County Offices in General.—To be qualified for a county office, a person must have been a citizen and a resident of the county for at least one year before his election. The term of office, as a rule, is three years. The salary, in counties of less than 150,000 inhabitants, consists of fees fixed by law; and in counties of over 150,000 inhabitants, it is a specified amount, the fees being paid into the treasury-either into that of the county or that of the State, as the law may direct. No salary is to be greater than the amount of the fees.

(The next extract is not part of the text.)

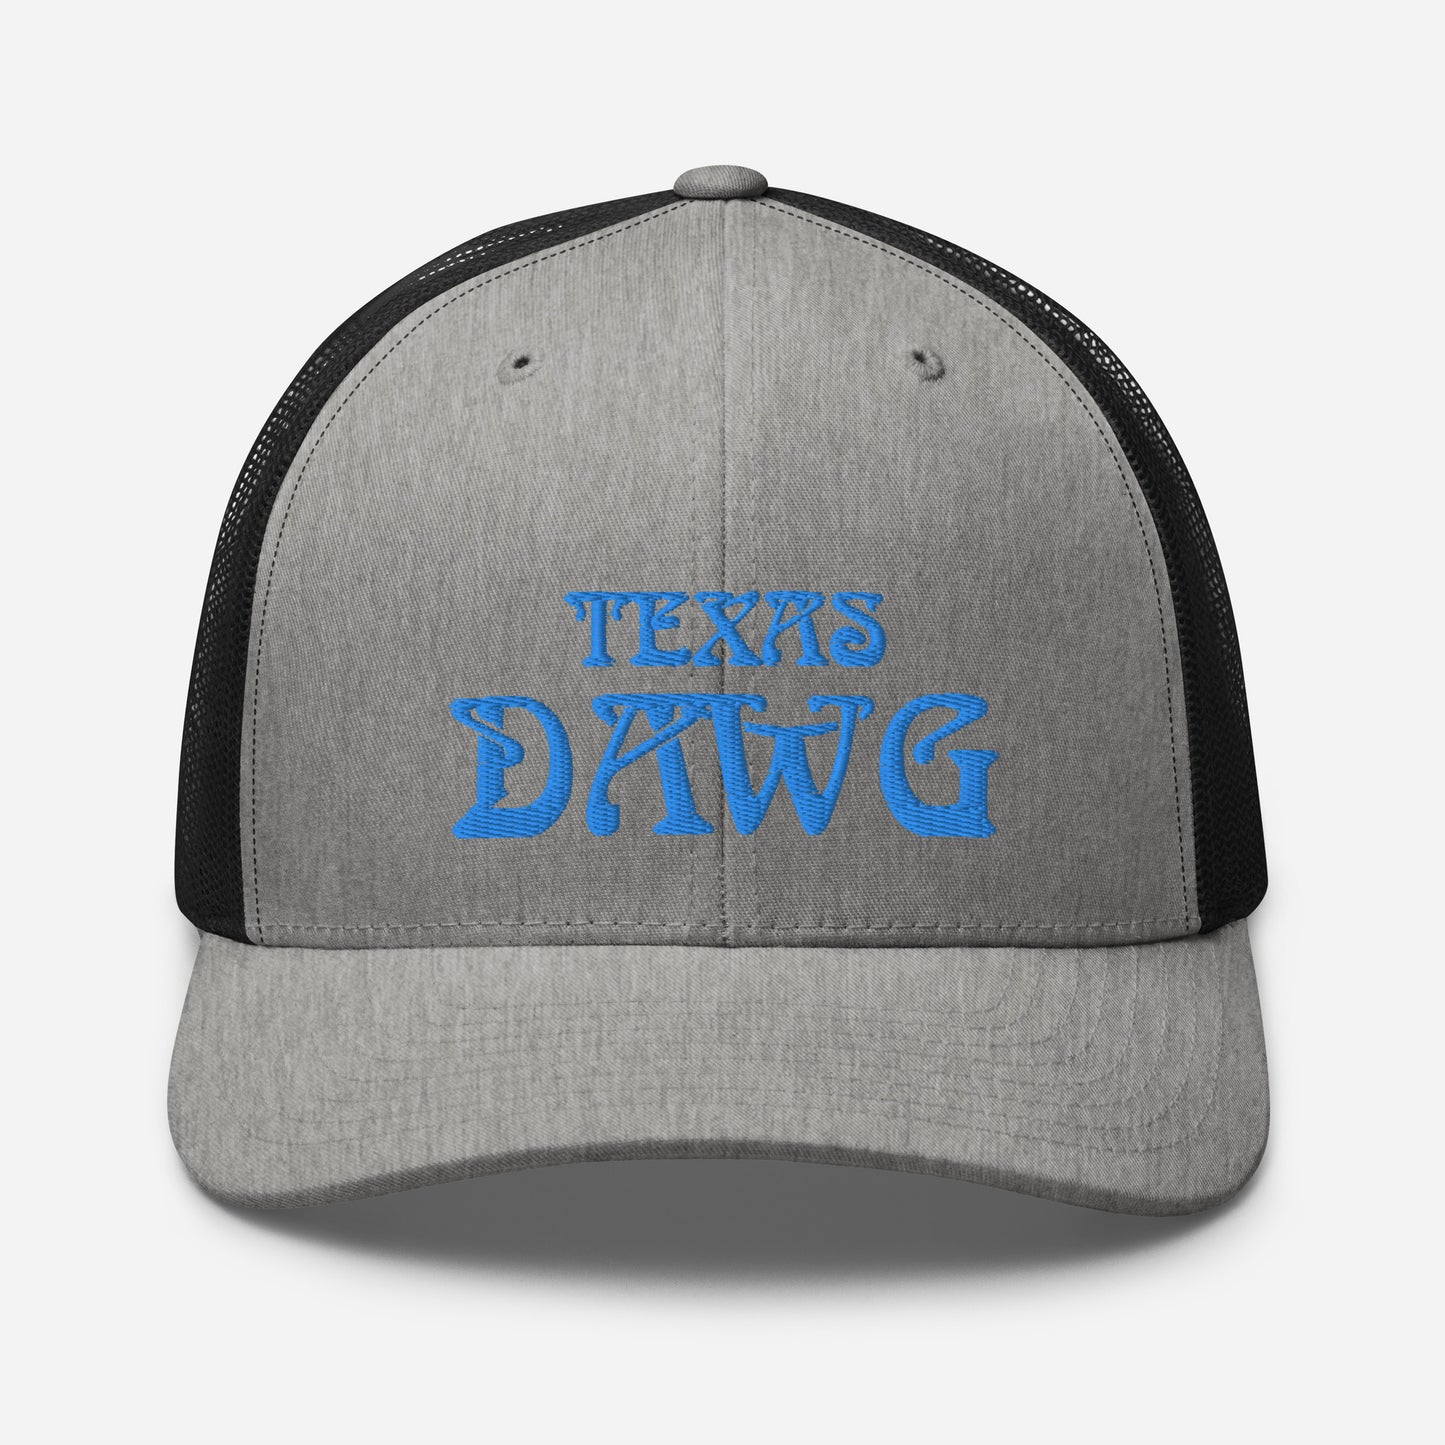 Blue Texas Dawg Funny Trucker Cap
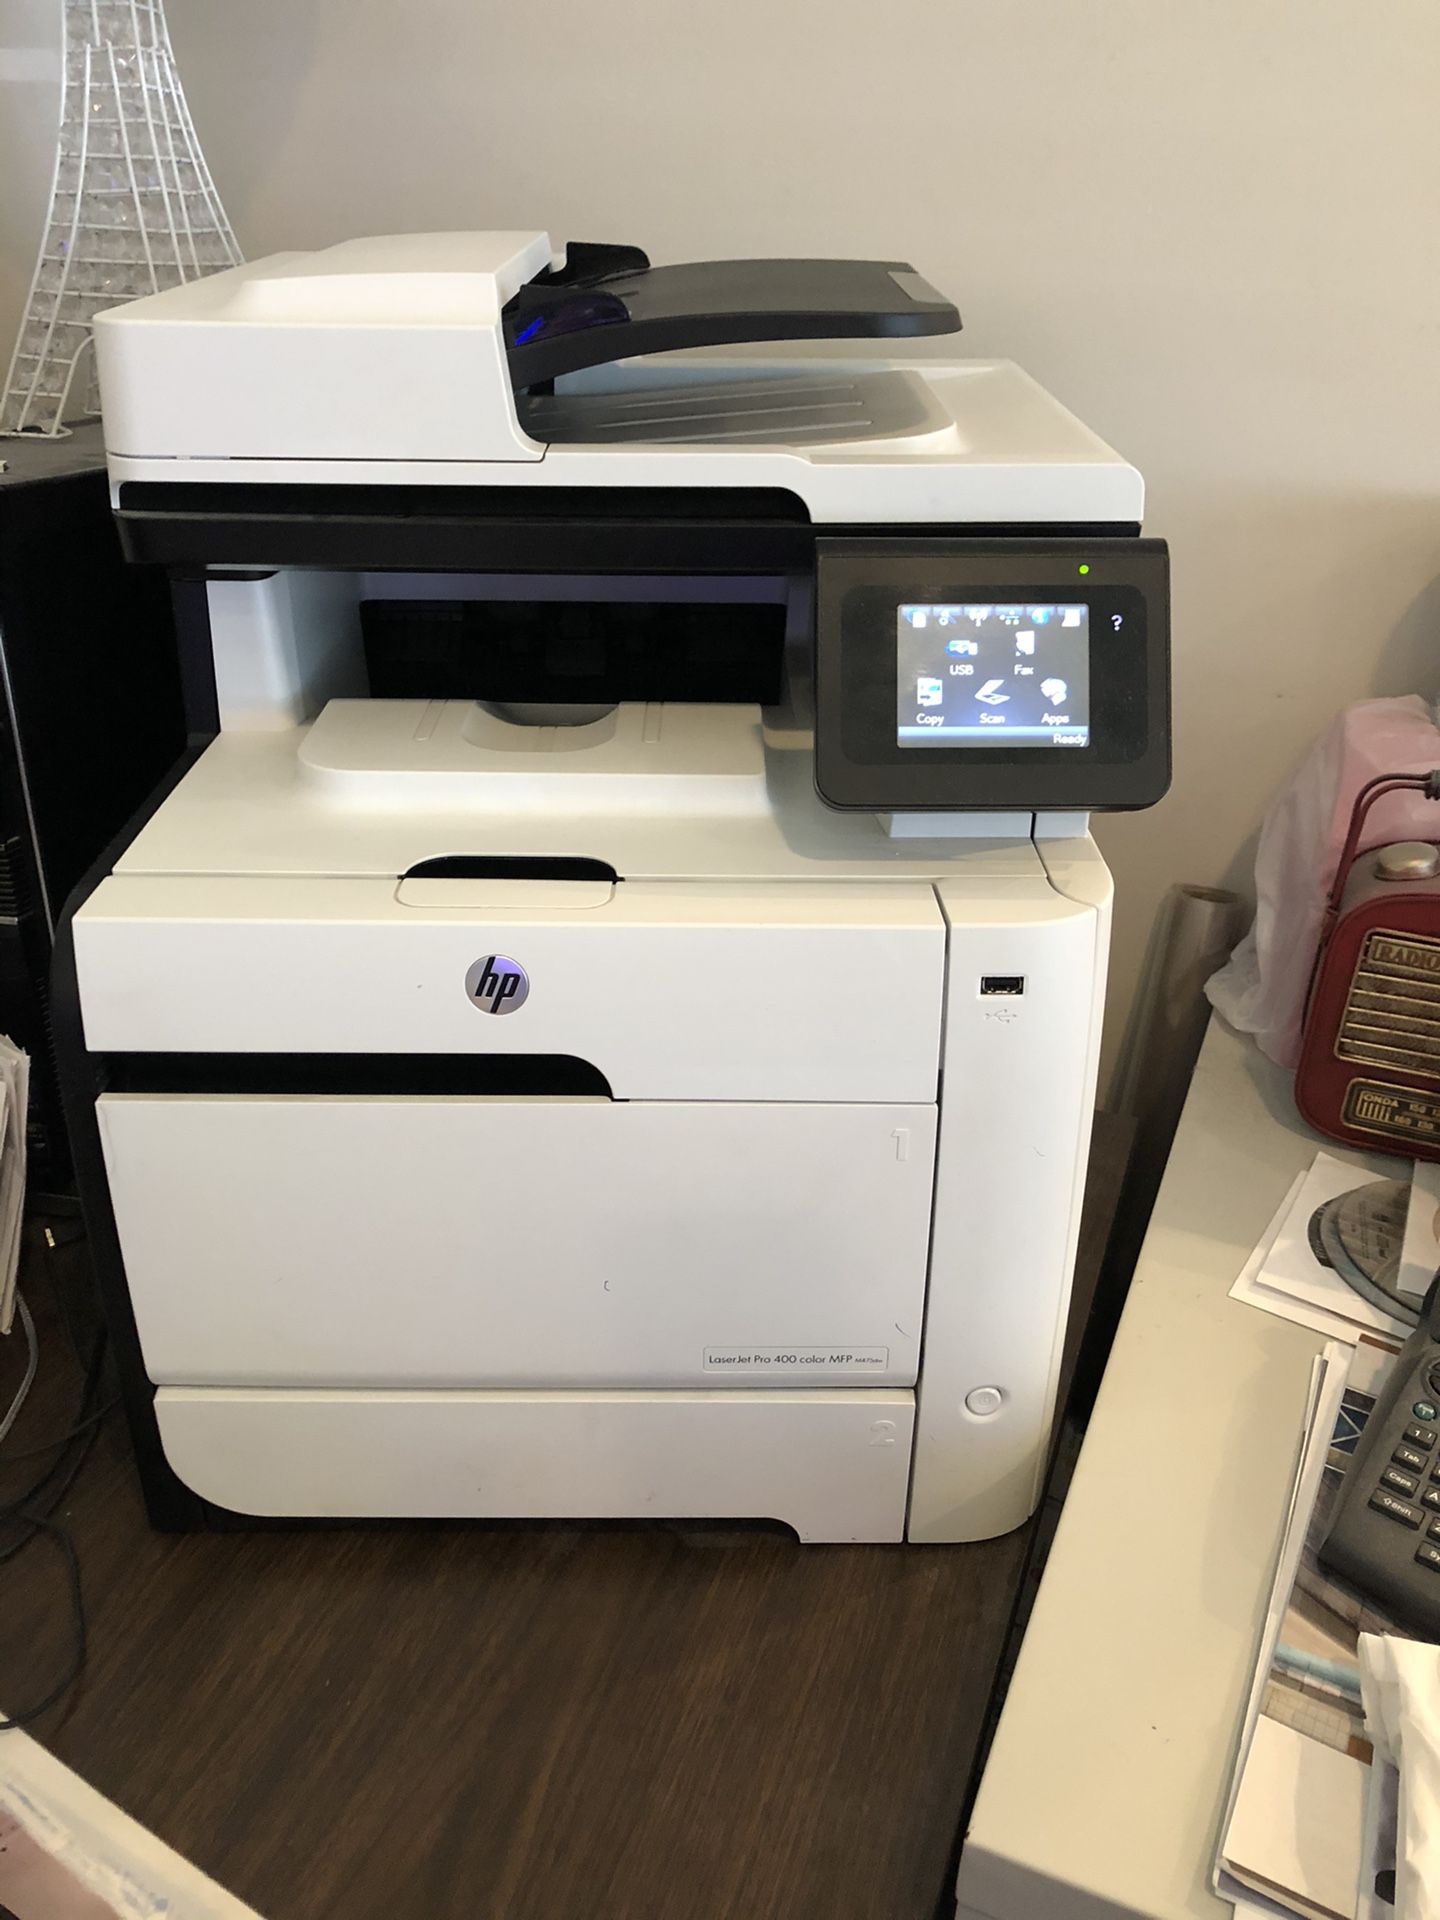 HP Laser Jet Pro. Color printer Fax & Scanner

The Judges and Courts. There are two kinds of judges -those learned in the law and those not learned in the law. Whenever a county has 40,000 or more inhabitants it has one judge or more learned in the law, the number increasing with the population. Counties of less than 40,000 inhabitants form joint districts of two or more counties in each. The counties of such a district have each two associate judges not learned in the law; and the district elects one judge learned in the law, who is called president judge. He holds court in the counties of his district in turn.

There are also different kinds of courts-Common Pleas, Oyer and Terminer, Quarter Sessions and Orphans' Courts. In counties and districts having but one judge, all these courts are presided over by one judge. The Court of Common Pleas has jurisdiction in all civil cases. The Oyer and Terminer (“ to hear and determine '') has

jurisdiction in cases of murder, treason, robbery, burglary, arson, and other high crimes. The Court of Quarter Sessions (having four sessions a year) has jurisdiction in cases of petty crimes, such as theft, assault and battery, etc. The Orphans' Court settles the estates of deceased persons and controls the estates of minors. Some counties having two or more judges, elect a separate judge for the Orphans' Court.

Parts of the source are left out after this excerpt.